Given simple system of ODE.

$$\begin{cases} \dot{x_1}=-x_1+u \\ \dot{x_2}=-x_2-x_1 \end{cases}$$

As an output, I want to use $$y=\dot{x_1}$$.

But when I use the AsymptoticOutputTracker command, I get the error: AsymptoticOutputTracker::drtrz: The direct transmission matrix {{1/Subscript[\[FormalX], 2][t]},{0},{0}} is not a zero matrix. (code in Mathematica for example).

   asys = AffineStateSpaceModel[{x1'[t] == -x1[t] + u[t],
x2'[t] == -x2[t] - x1[t]}, {{x1[t], 1}, {x2[t], 0}}, {u[
t]}, {(u[t] - x1[t])}, t] // Simplify

pars1 = {Subscript[r, 1] -> 0, Subscript[p, 1] -> -1};

fb = AsymptoticOutputTracker[asys, {Subscript[r, 1]}, {Subscript[p, 1]}] // Simplify;


I got the idea to add a differentiating filter:

$$\begin{cases} \dot{x_1}=-x_1+u \\ \dot{x_2}=-x_2-x_1 \\ \frac{1}{k}\dot{X}+X=\dot{x_1} \end{cases}$$

And now $$y=X \approx \dot{x_1}$$ and $$k>>1$$.
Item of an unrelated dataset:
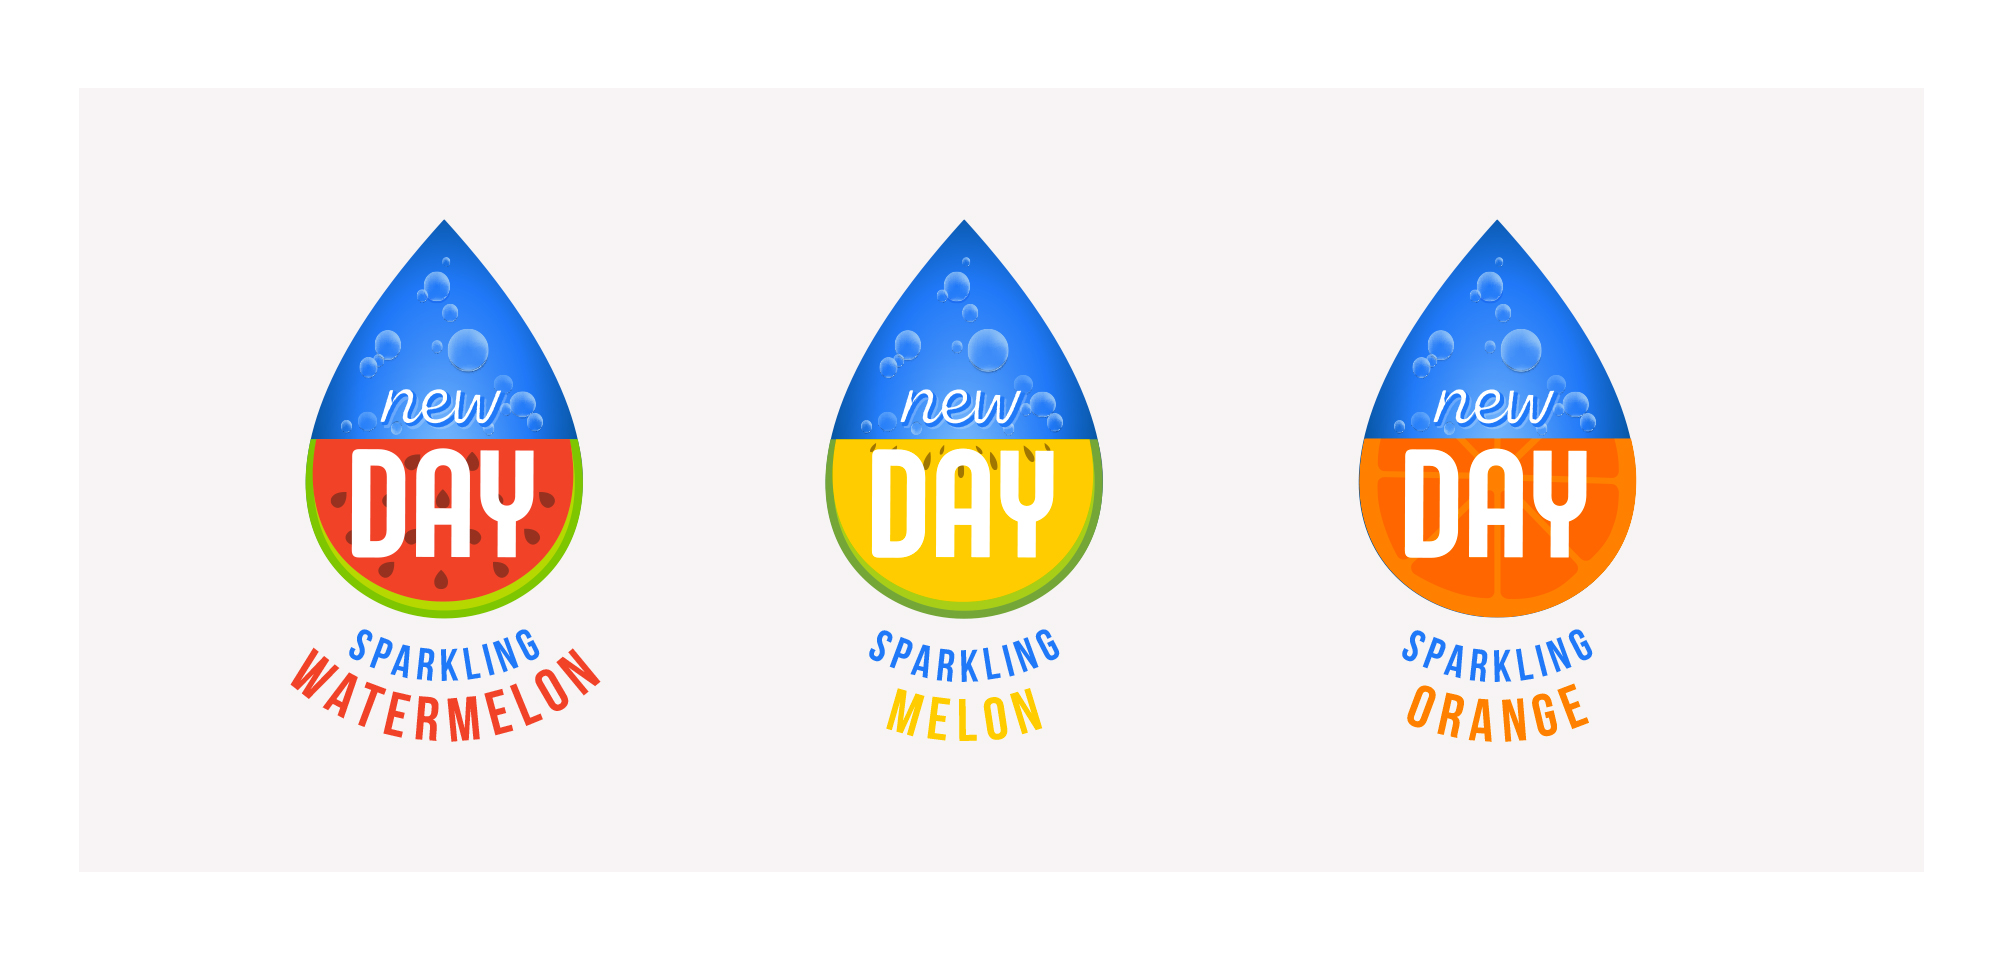 Logo proposal for the sparkling water drinks

How to transform state-space and get $$y=\dot{x_1}$$?

• Have you tried it with u[t]-x1[t] as the output? Jun 13 at 10:20
• @LouisB please see my edit
– dtn
Jun 13 at 10:27
• @dtn Is this optimization problem? Where is your code? Jun 13 at 11:00
• @AlexTrounev asys = AffineStateSpaceModel[{x1'[t] == -x1[t] + u[t], x2'[t] == -x2[t] - x1[t]}, {{x1[t], 1}, {x2[t], 0}}, {u[ t]}, {(u[t] - x1[t])}, t] // Simplify pars1 = {Subscript[r, 1] -> 0, Subscript[p, 1] -> -1}; fb = AsymptoticOutputTracker[asys, {Subscript[r, 1]}, {Subscript[p, 1]}] // Simplify;
– dtn
Jun 13 at 11:01
• @AlexTrounev This is me studying nonlinear control theory, section on asymptotic output tracking.
– dtn
Jun 13 at 11:02